Internet Business Machines (IBM) Stock Performance, 5-Year Chart, Seeking Alpha
“Three years ago, we laid out a vision for a faster-growing, more-profitable IBM. I’m proud of the work the IBM team has done to meet or exceed our commitments.”
Major Economic Events:
The Fed held interest rates steady and Core PCE Inflation showed a decelerating trend.
FOMC Interest Rate Decision
Source: Jose Luis Magana
Federal Reserve Chair Jerome Powell stated that the Fed is in no rush to cut interest rates, opting to wait for further inflation progress after last year’s reductions. The Fed kept its benchmark rate steady at 4.25%-4.5%, citing strong economic growth and a solid labor market as reasons to hold off on further adjustments. Powell also mentioned that the Fed is monitoring potential economic impacts from President Trump’s policies on tariffs, taxes, and immigration.

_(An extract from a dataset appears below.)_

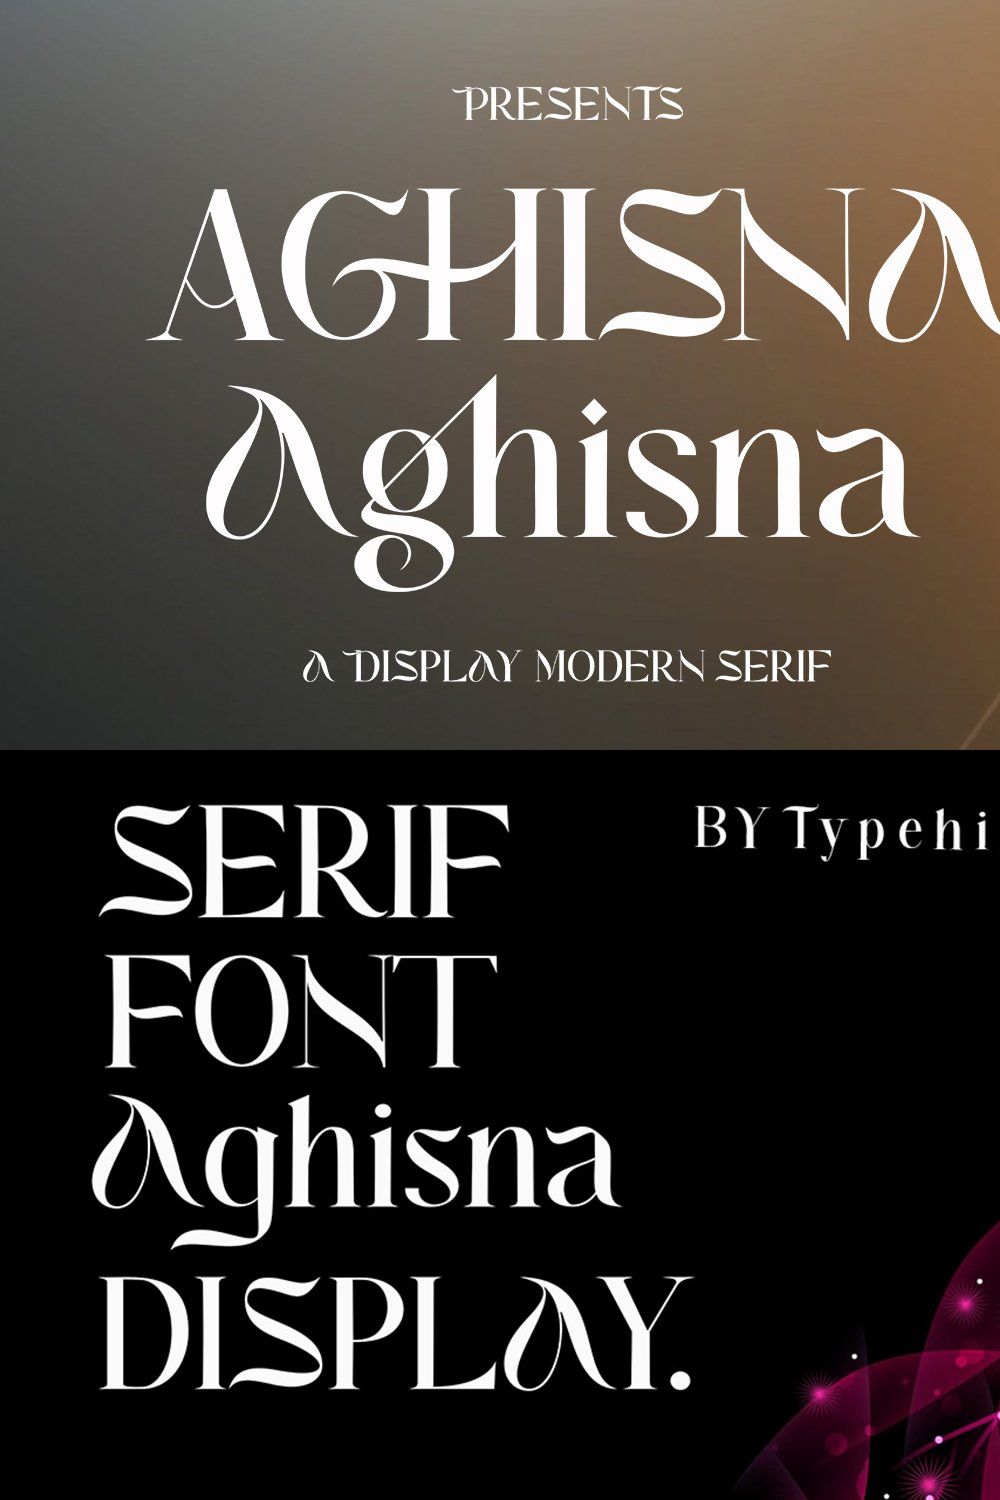 Aghisna Display pinterest preview image.

Treasury yields initially rose following the Fed’s decision but later retreated during Powell’s press conference. While policymakers expect just two rate cuts in 2025, uncertainty remains around inflation trends and the potential effects of Trump’s trade policies.
Also for the crypto folks — Powell said that “banks are perfectly able to serve crypto customers as long as they understand and can manage the risks.”

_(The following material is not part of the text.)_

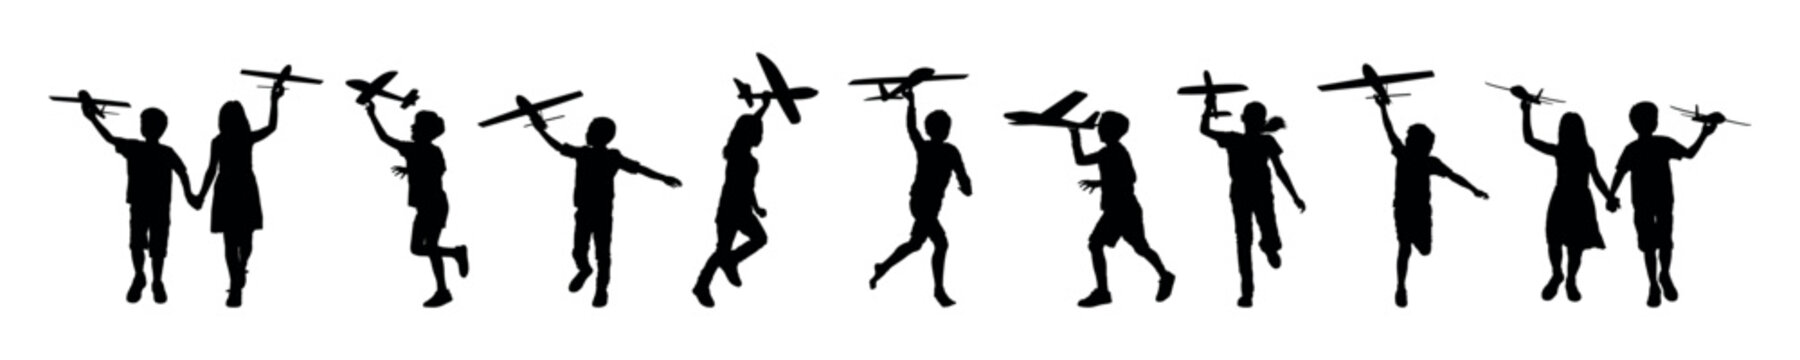 Group of kids playing toy airplane silhouette set collection. Children holding airplane toy silhouette collection.

“Over the course of our three previous meetings, we lowered our policy rate by a full percentage point from its peak. That recalibration of our policy stance was appropriate in light of the progress on inflation and the rebalancing in the labor market. With our policy stance significantly less restrictive than it had been, and the economy remaining strong, we do not need to be in a hurry to adjust our policy stance.”

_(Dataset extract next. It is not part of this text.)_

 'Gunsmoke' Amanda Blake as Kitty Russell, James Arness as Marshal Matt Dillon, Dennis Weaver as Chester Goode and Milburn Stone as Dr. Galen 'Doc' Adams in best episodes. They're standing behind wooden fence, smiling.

Personal Consumption Expenditures (PCE) Index
The Federal Reserve’s preferred inflation gauge, the core PCE price index, rose +0.2% in December and +2.8% from a year earlier, aligning with expectations. Real disposable income barely increased for a second month, pushing the saving rate down to +3.8%, its lowest in two years.
A three-month annualized measure of core PCE showed a slower +2.2% increase, easing concerns about inflation rebounding. Consumer spending remained strong, growing +0.4% in December, partly driven by demand for durable goods. Fed officials remain cautious, wanting more progress toward their 2% inflation target before cutting rates further. Meanwhile, economic strength, especially in the labor market, supports the Fed’s decision to keep rates steady.
“Consumer spending was robust through year-end, accelerating in December on the back of strong demand for durable goods. We suspect consumers are trying to get ahead of price increases they fear could follow from President Donald Trump’s proposed tariffs.”